Identification of the proteolytic signature in CVB3-infected cells

Abstract

Coxsackievirus B3 (CVB3) encodes proteinases that are essential for processing of the translated viral polyprotein. Viral proteinases also target host proteins to manipulate cellular processes and evade innate antiviral responses to promote replication and infection. While some host protein substrates of the CVB3 3C and 2A cysteine proteinases have been identified, the full repertoire of targets is not known. Here, we utilize an unbiased quantitative proteomics-based approach termed terminal amine isotopic labeling of substrates (TAILS) to conduct a global analysis of CVB3 protease-generated N-terminal peptides in both human HeLa and mouse cardiomyocyte (HL-1) cell lines infected with CVB3. We identified >800 proteins that are cleaved in CVB3-infected HeLa and HL-1 cells including the viral polyprotein, known substrates of viral 3C proteinase such as PABP, DDX58, and HNRNPs M, K, and D and novel cellular proteins. Network and GO-term analysis showed an enrichment in biological processes including immune response and activation, RNA processing, and lipid metabolism. We validated a subset of candidate substrates that are cleaved under CVB3 infection and some are direct targets of 3C proteinase in vitro. Moreover, depletion of a subset of TAILS-identified target proteins decreased viral yield. Characterization of two target proteins showed that expression of 3C^pro-targeted cleaved fragments of emerin and aminoacyl-tRNA synthetase complex-interacting multifunctional protein 2 modulated autophagy and the nuclear factor kappa-light-chain-enhancer of activated B cells (NF-κB) pathway, respectively. The comprehensive identification of host proteins targeted during virus infection provides insights into the cellular pathways manipulated to facilitate infection.

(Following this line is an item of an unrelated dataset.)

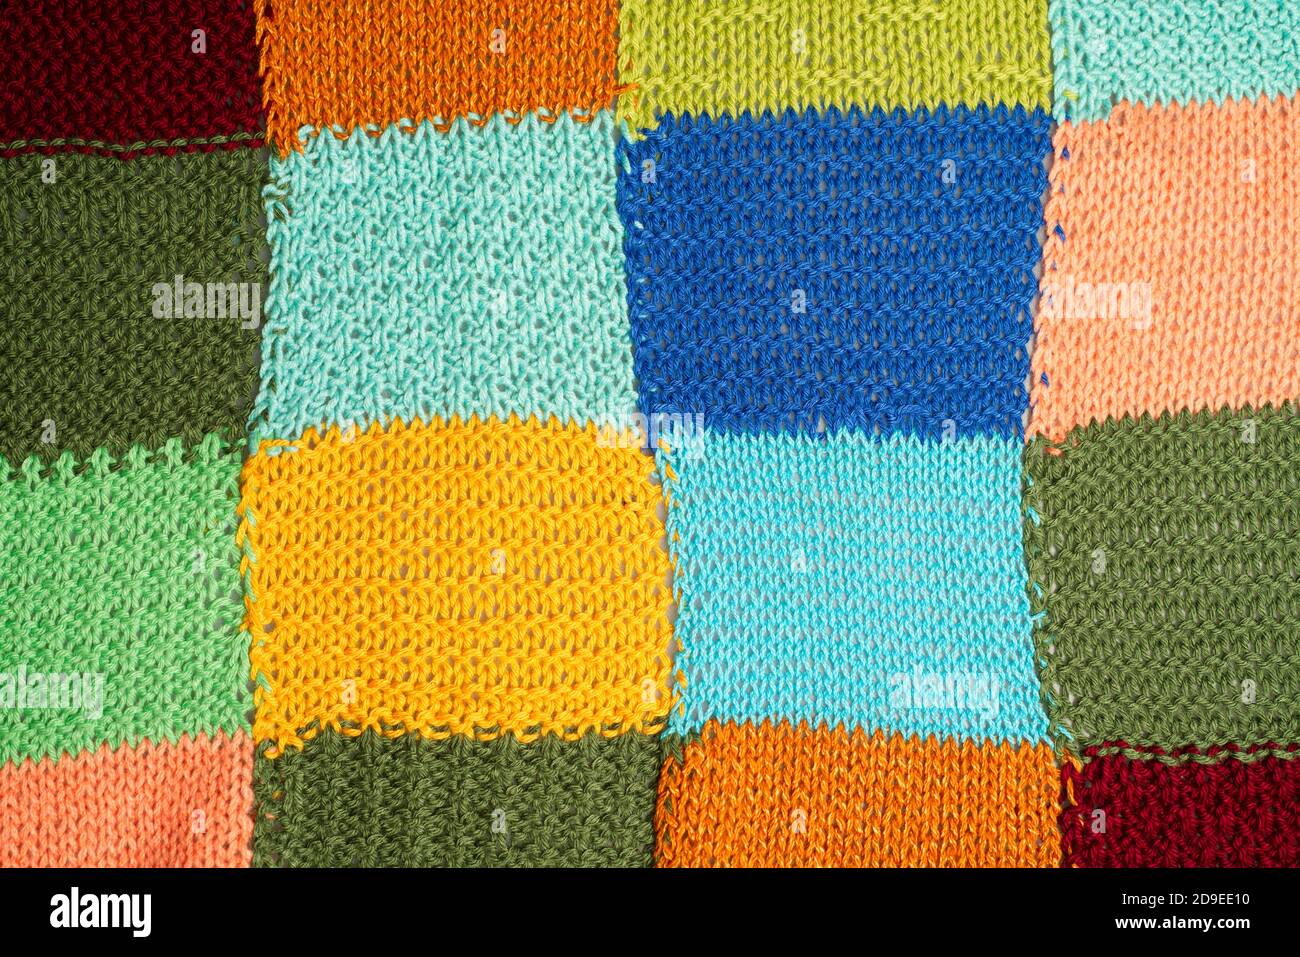 Full Frame Shot Of Multi Colored Patterned Woolen Textile Stock Photo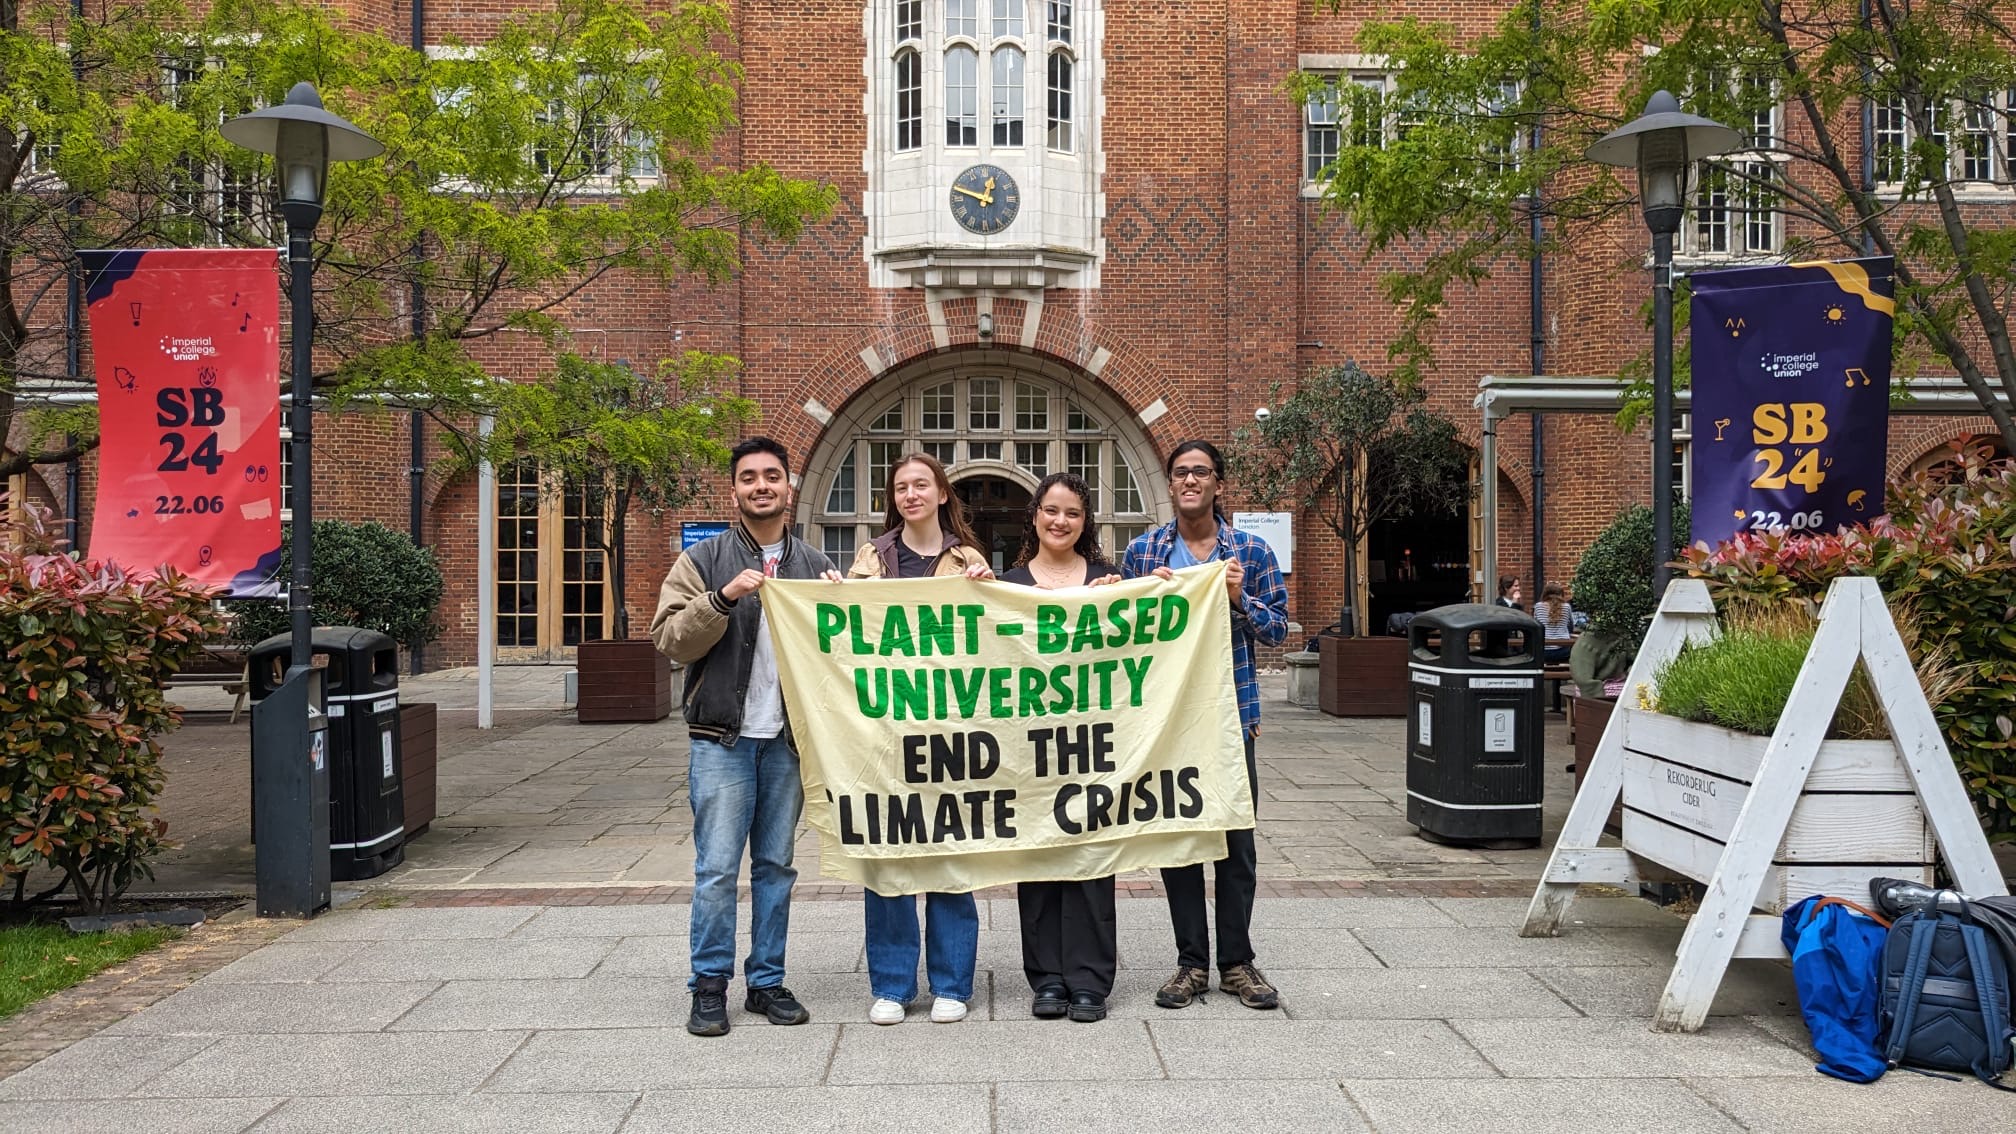 PBU Campaigners stand outside Imperial College Union holding banner which reads "PLANT-BASED UNIVERSITIES END THE CLIMATE CRISIS"

Importance: RNA viruses encode proteases that are responsible for processing viral proteins into their mature form. Viral proteases also target and cleave host cellular proteins; however, the full catalog of these target proteins is incomplete. We use a technique called terminal amine isotopic labeling of substrates (TAILS), an N-terminomics to identify host proteins that are cleaved under virus infection. We identify hundreds of cellular proteins that are cleaved under infection, some of which are targeted directly by viral protease. Revealing these target proteins provides insights into the host cellular pathways and antiviral signaling factors that are modulated to promote virus infection and potentially leading to virus-induced pathogenesis.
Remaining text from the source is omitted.